Не могу без содрогания вспоминать их прелестный дом, в котором я бывала раньше, и разрушение его после смерти Алисы. Распродажу вещей, суету вокруг вещей. Гадко и страшно мне было».

Этот дом создавал вокруг «положительное пространство», по выражению Корбюзье. Это пространство покорило замечательного художника, друга Раневской, ученика и единомышленника Таирова — Вадима Рындина, вспоминавшего:

«Тонкий знаток и ценитель живописи, Таиров смог собрать у себя в театре все лучшее, все самое интересное, чем располагало декорационное искусство тех лет. Помню, какие интересные выставки устраивал Таиров в фойе. Тут можно было увидеть эскизы Экстер, Гончаровой, Ларионова, Судейкина, Якулова, братьев Весниных, братьев Стенбергов. Здесь была возможность соприкоснуться с самыми высокими проявлениями творчества художников театра. Не случайно, видимо, атмосфера, пронизанная дыханием большого искусства, сохранялась и в доме у Таирова. Здесь можно было увидеть работы Пикассо, Леже, Павла Кузнецова, великолепные панно Якулова».
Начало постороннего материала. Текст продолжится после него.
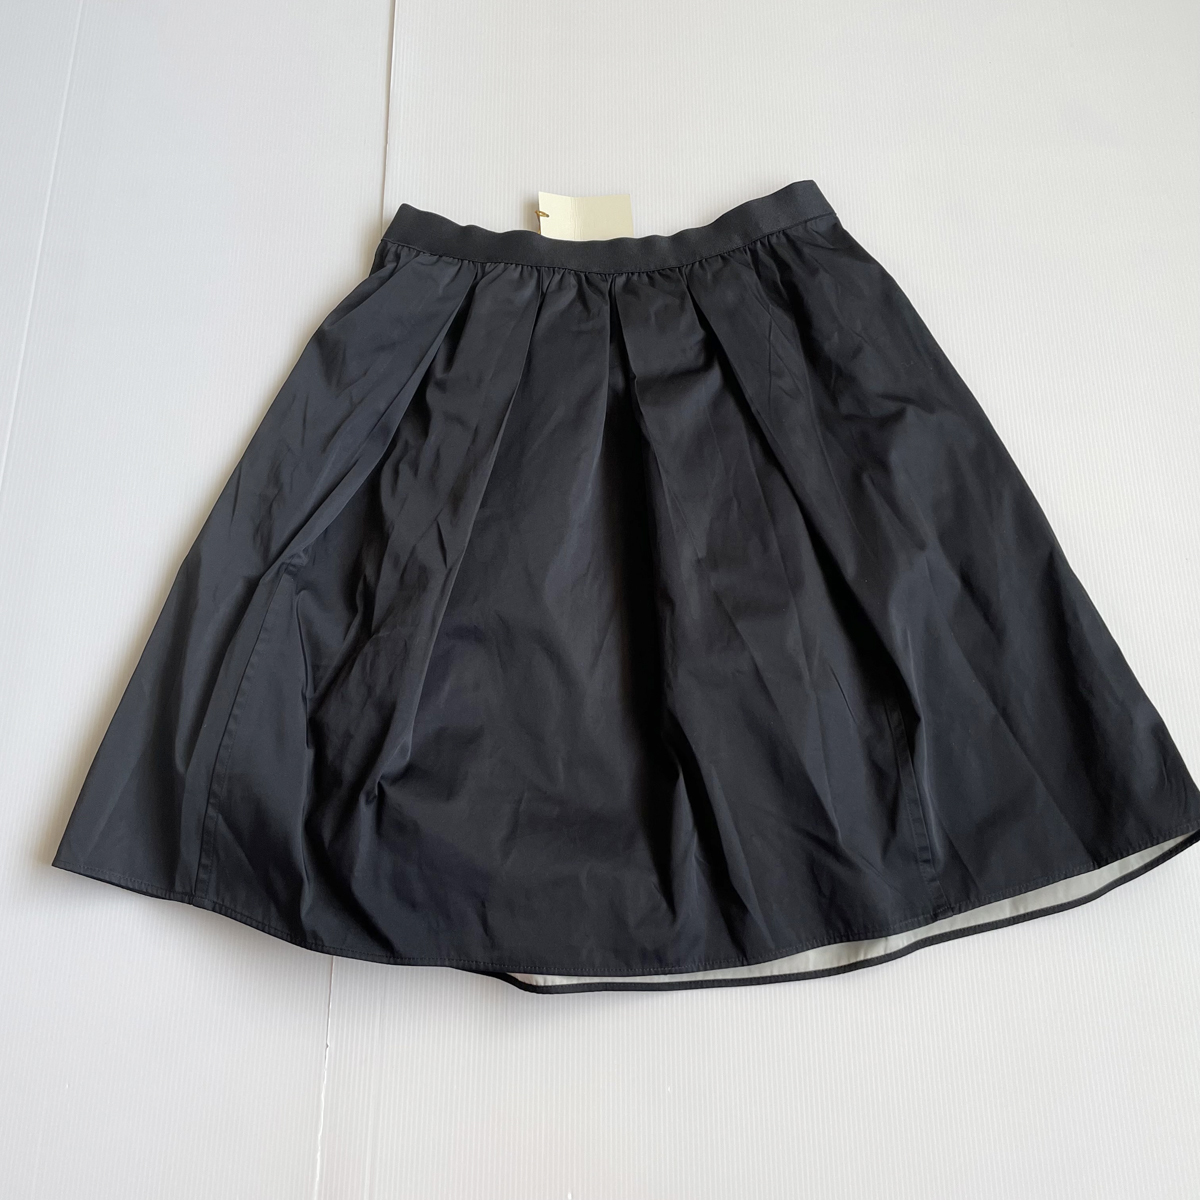  новый товар канава .rudaga Ran teGALLARDAGALANTE обычная цена 18690 иен плиссировать flair юбка размер 1
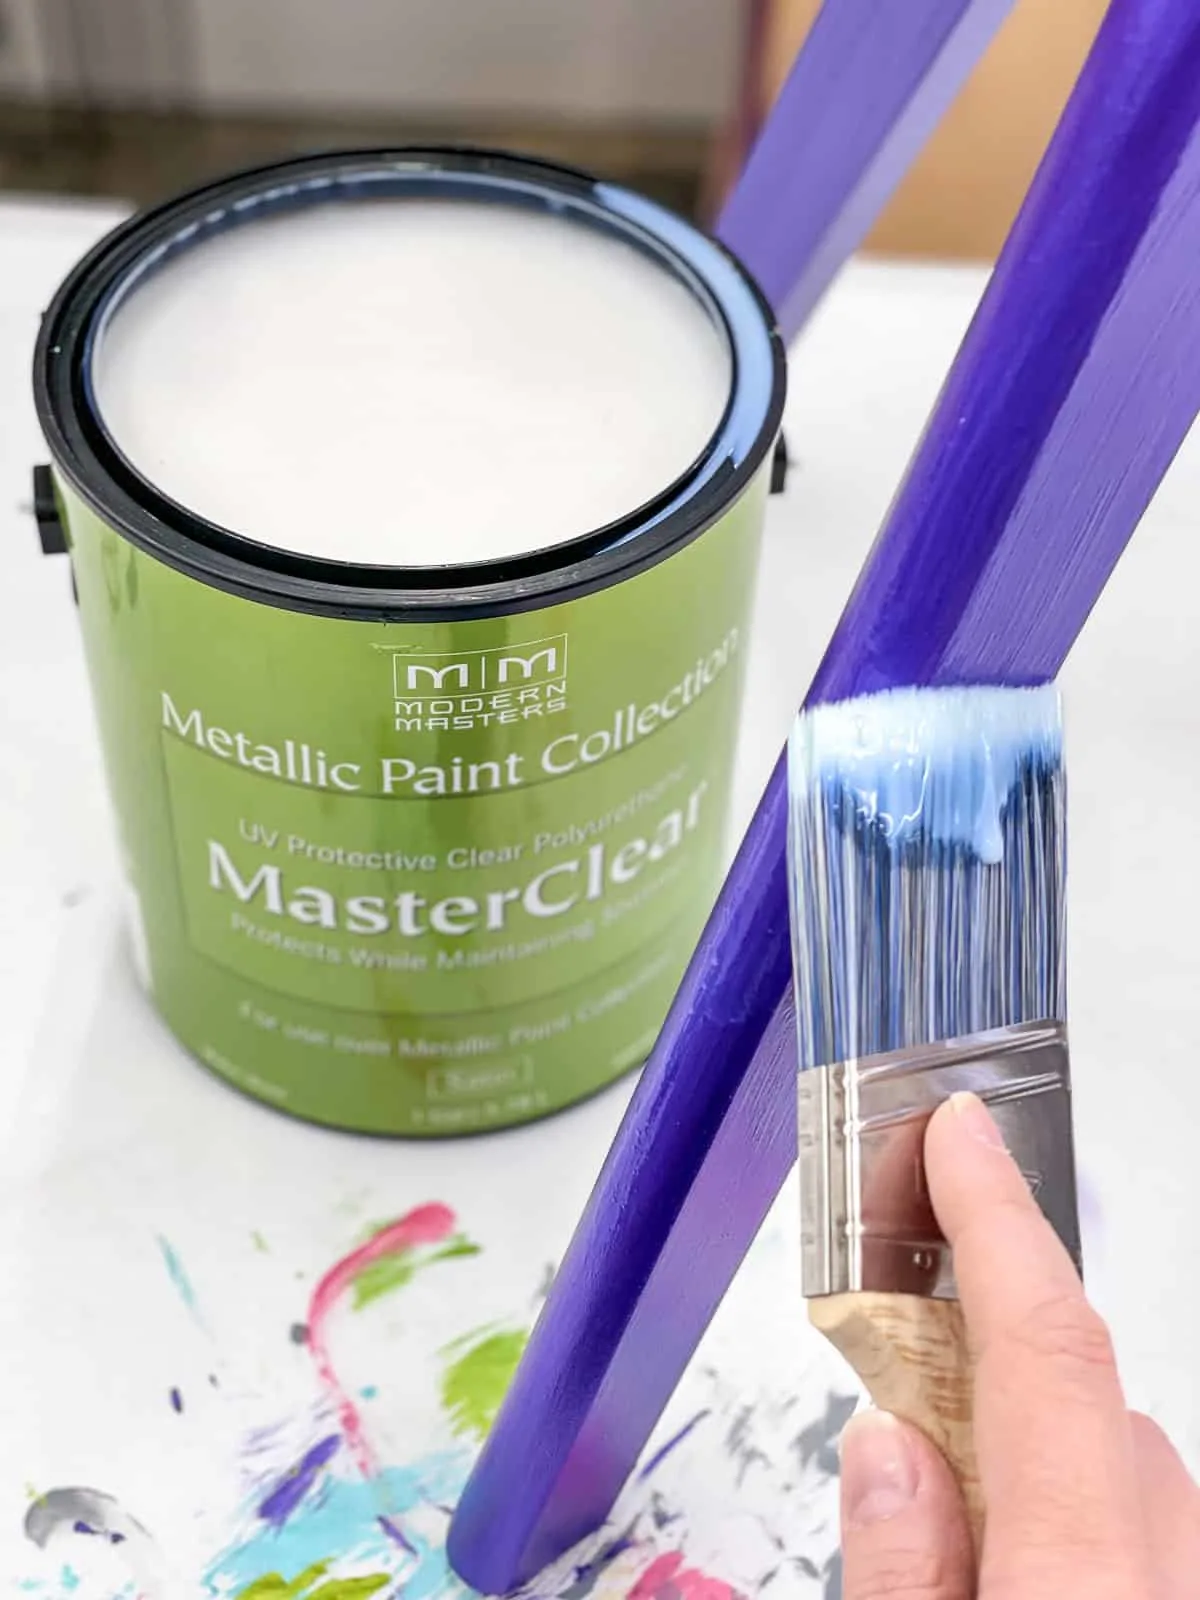 applying top coat over metallic paint

Это пространство так или иначе захватывало всех его обитателей. В 1945 году в каком-то полубессознательном состоянии позади театра у церкви Иоанна Богослова мы играли с моим пятилетним сверстником Сашей — сыном Нины Станиславовны Сухоцкой, подруги Фаины Георгиевны Раневской и племянницы Алисы Коонен. Сухоцкая была участницей гастролей Камерного театра по городам Европы и Латинской Америки, свидетельницей небывалого успеха и гибели театра. Нина Станиславовна жила в двух крошечных смежных комнатах огромного доходного дома по Тверскому бульвару — «через церковь» от Таирова и Коонен. После смерти Алисы Георгиевны Сухоцкая стала ее наследницей.

Огромное мягкое кресло, диван, большую картину в золоченой раме — портрет балерины Ольги Преображенской в белой пачке с ее подписью под фразой: «Я буду жить вечно» и гигантскую бегонию с фиолетовыми листьями в китайском кашпо я увидел в 70-х годах в доме Раневской. Фаина Георгиевна с досадой сказала: «Это все — имущество Алисы Коонен, Нине некуда поставить, пока поставила ко мне».

Нельзя было тогда найти в доме Раневской другие предметы, вызывавшие у нее чувство такого же бессильного отчаянья и неисправимой беды — как эти четыре громадины, не поместившиеся в их жизни.

Последние полвека церкви Иоанна Богослова — отражение трагической судьбы Камерного театра. Пятьдесят лет ее уснувшие, распадающиеся древние купола и шатер колокольни, казалось, брошены навсегда, забыты — как мы должны были бы забыть искусство Таирова, Коонен, Камерный театр, его жизнь.

Сейчас Иоанн Богослов почти восстановлен.